While some dependencies may exist between execution of a plan script 110 by a plan engine 109 of a plan session 107 and execution of a process script 116 by a process engine 114 of an application session 112 corresponding to the plan session 107, not all steps of each of the plan script 110 and the process script 116 are dependent upon steps of the other of the plan script 110 and the process script 116. For example, the plan engine 109 may instruct the dialog manager 102 to perform a number of dialog interactions with the user in accordance with steps defined by the plan script 110 without sending messages from the application session 112 between executions of those steps. Similarly, the process engine 114 may invoke a number of service actions by one or more services 105 in accordance with steps defined by the process script 116 without receiving messages from the plan session 107 between executions of those steps.

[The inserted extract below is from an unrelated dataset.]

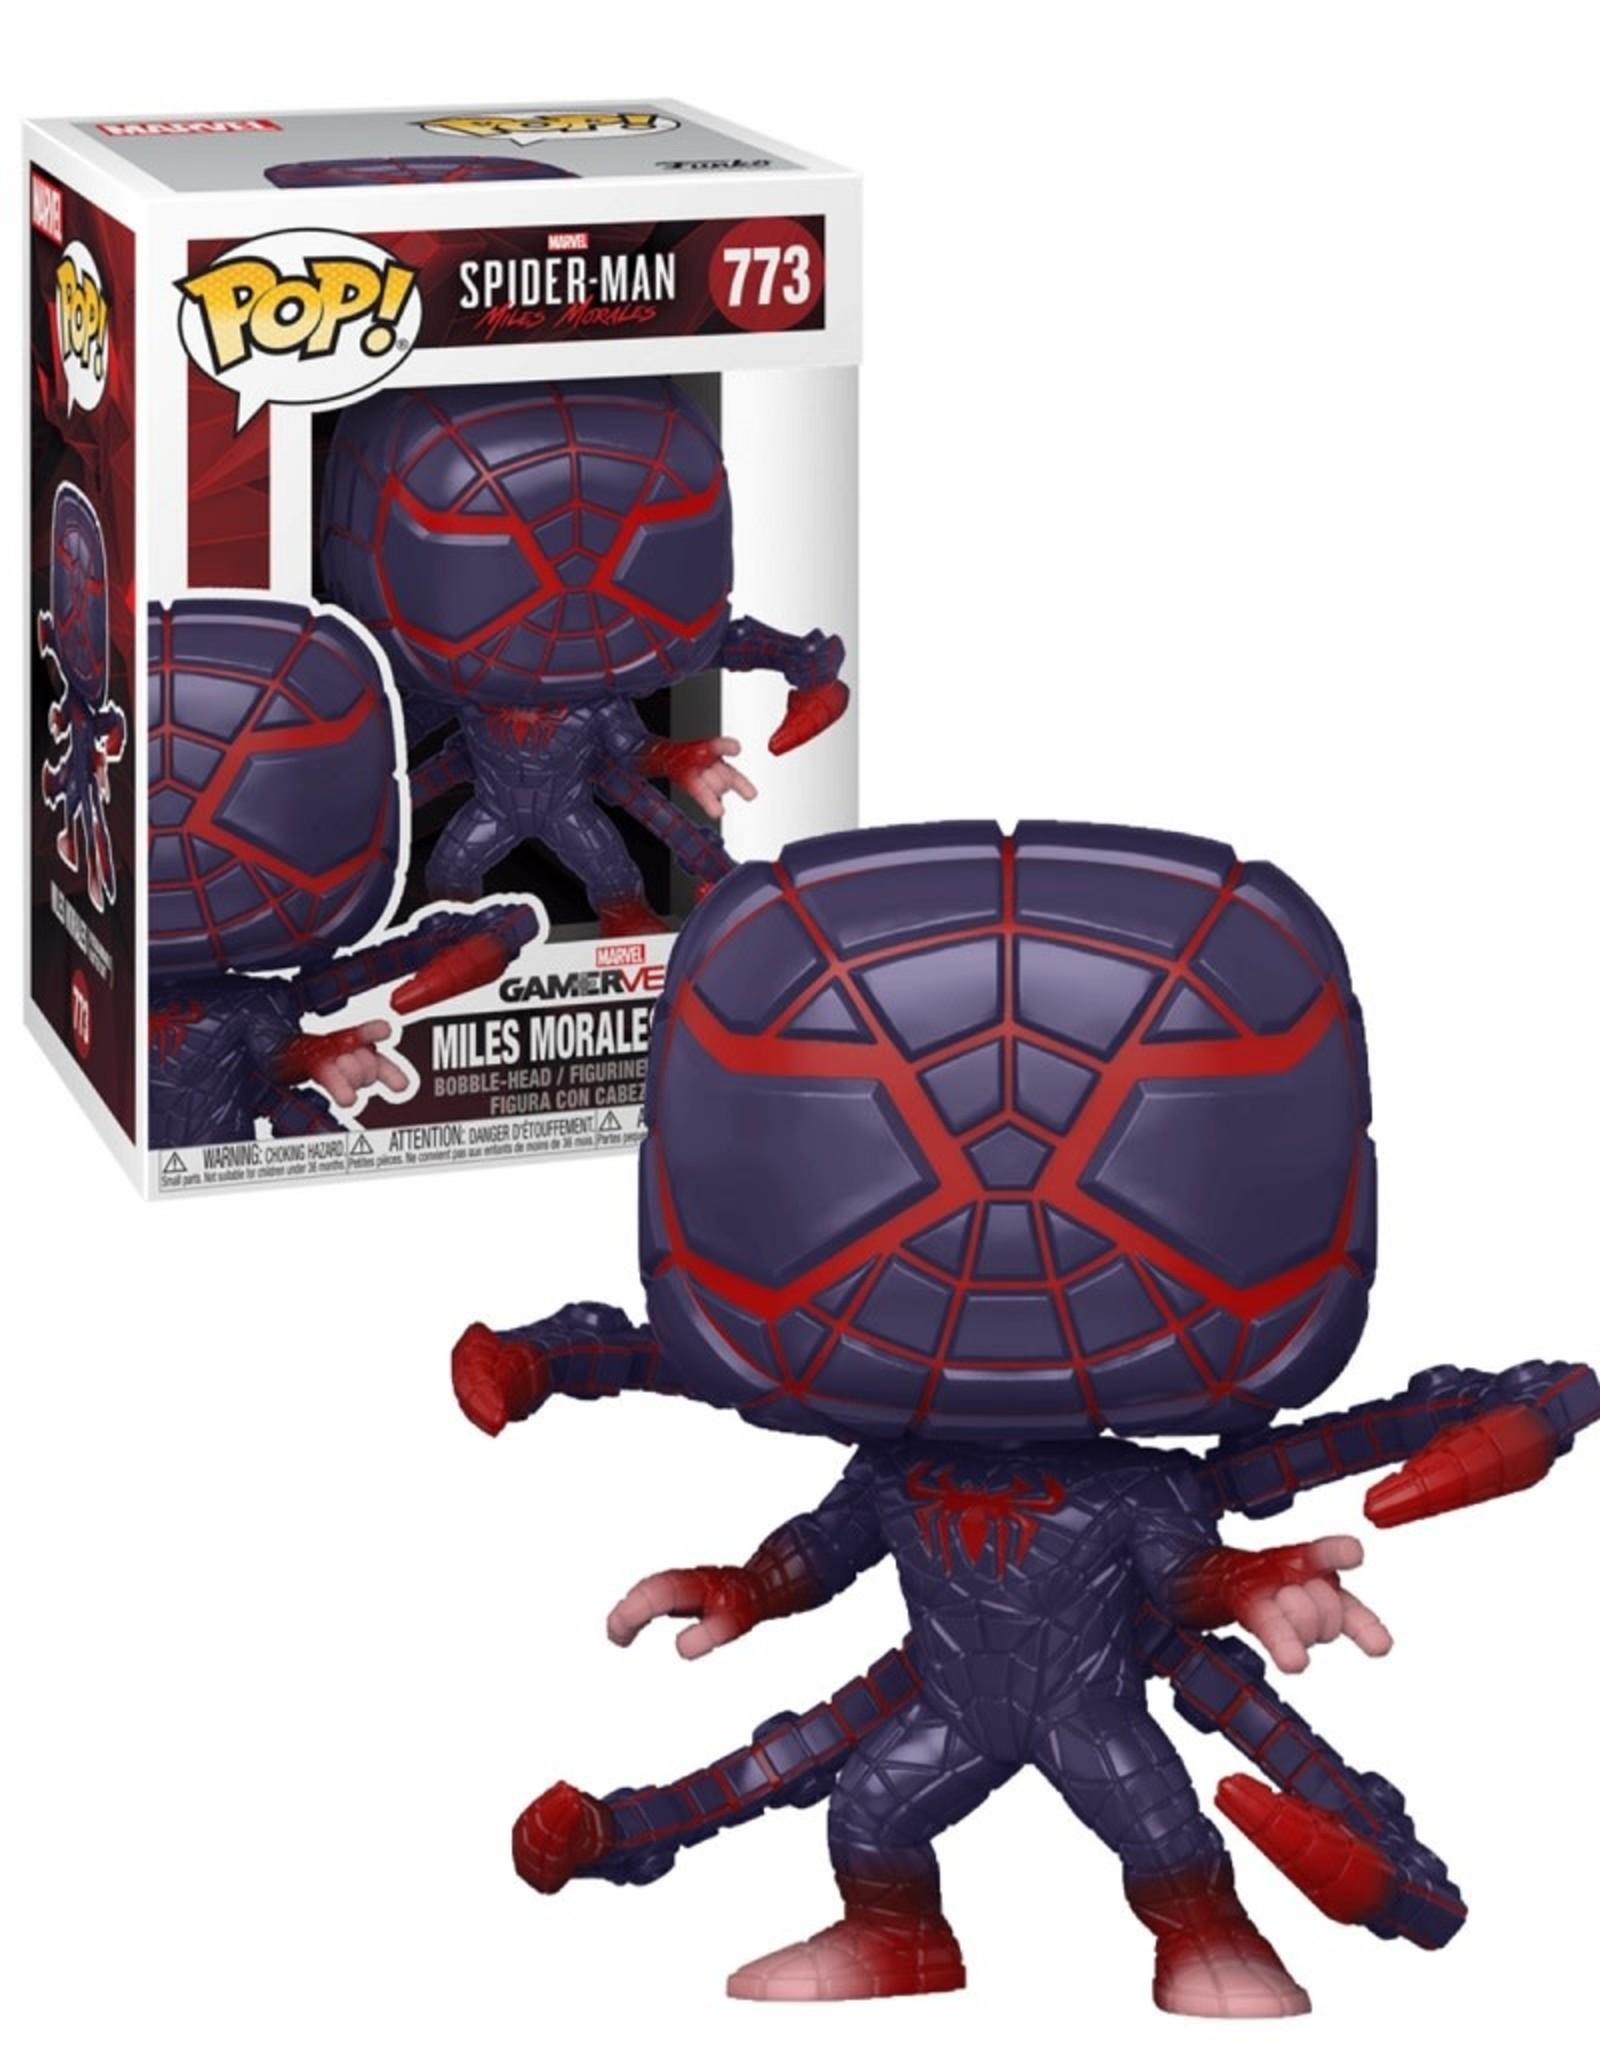 Spider-Man 773 ( Funko Pop ) Miles Morales

In an example embodiment of the present invention, the user-initiated action distributor 106 may distribute user-initiated actions received from the dialog manager 102 according to a selected heuristic algorithm. For example, the dialog manager 102 may label the user-initiated action as one or more of a plurality of types. A non-exhaustive list of structure types includes “command,” “question,” “answer,” “substantive statement,” “opening statement,” “closing statement,” and/or “partial statement.” The user-initiated action distributor 106 may maintain one or more tables and/or lists of the active plan sessions 107a-n. In accordance with the type of a user-initiated action received from the dialog manager 102 and in accordance with the tables and/or lists, the atomic distributor 106 may determine the plan session 107 to which to provide the user-initiated action.

The tables and/or lists may include, for example, an action state table 131 and an active level list 132 stored in a memory 130. The action state table may list identifications (IDs) of the plan sessions 107a-n and, for each plan session 107, a state which indicates whether the plan session 107 is waiting for a user-initiated action, and, if so, a type of user-initiated action for which it is waiting. For example, during a dialog, a plan session 107 may request clarification of a part of a request input by the user, and may accordingly wait for a partial statement including a repetition of part of a previously input speech structure. The table 131 may additionally list the user-initiated actions that are applicable to the plan session 107, but for which the plan session 107 is not waiting. The plan manager 103 may include a status manager 144, described in detail below, which may update the action state table 131 whenever a change occurs regarding the waited on user-initiated actions and/or regarding the applicable user-initiated actions in any of the plan sessions 107a-n.

The active level list 132 may list the active plan sessions 107a-n in order of their degree of activeness. The plan manager 103 may include a status manager 144, described in detail below, which may update the active level list 132 in response to taking control by a plan session 107 of the dialog manager 102 for interfacing with the user. In an example variant of this embodiment, the active level list 132 may further include an indication for each listed plan session 107 of the degree of activeness of the plan session 107. For example, the status manager 144 when updating the active level list 132, may assign a highest activity level to a plan session 107 that last presented output to the user. Alternatively, the status manager 144 when updating the active level list 132, may assign the highest activity level to a plan session that last presented a question to the user.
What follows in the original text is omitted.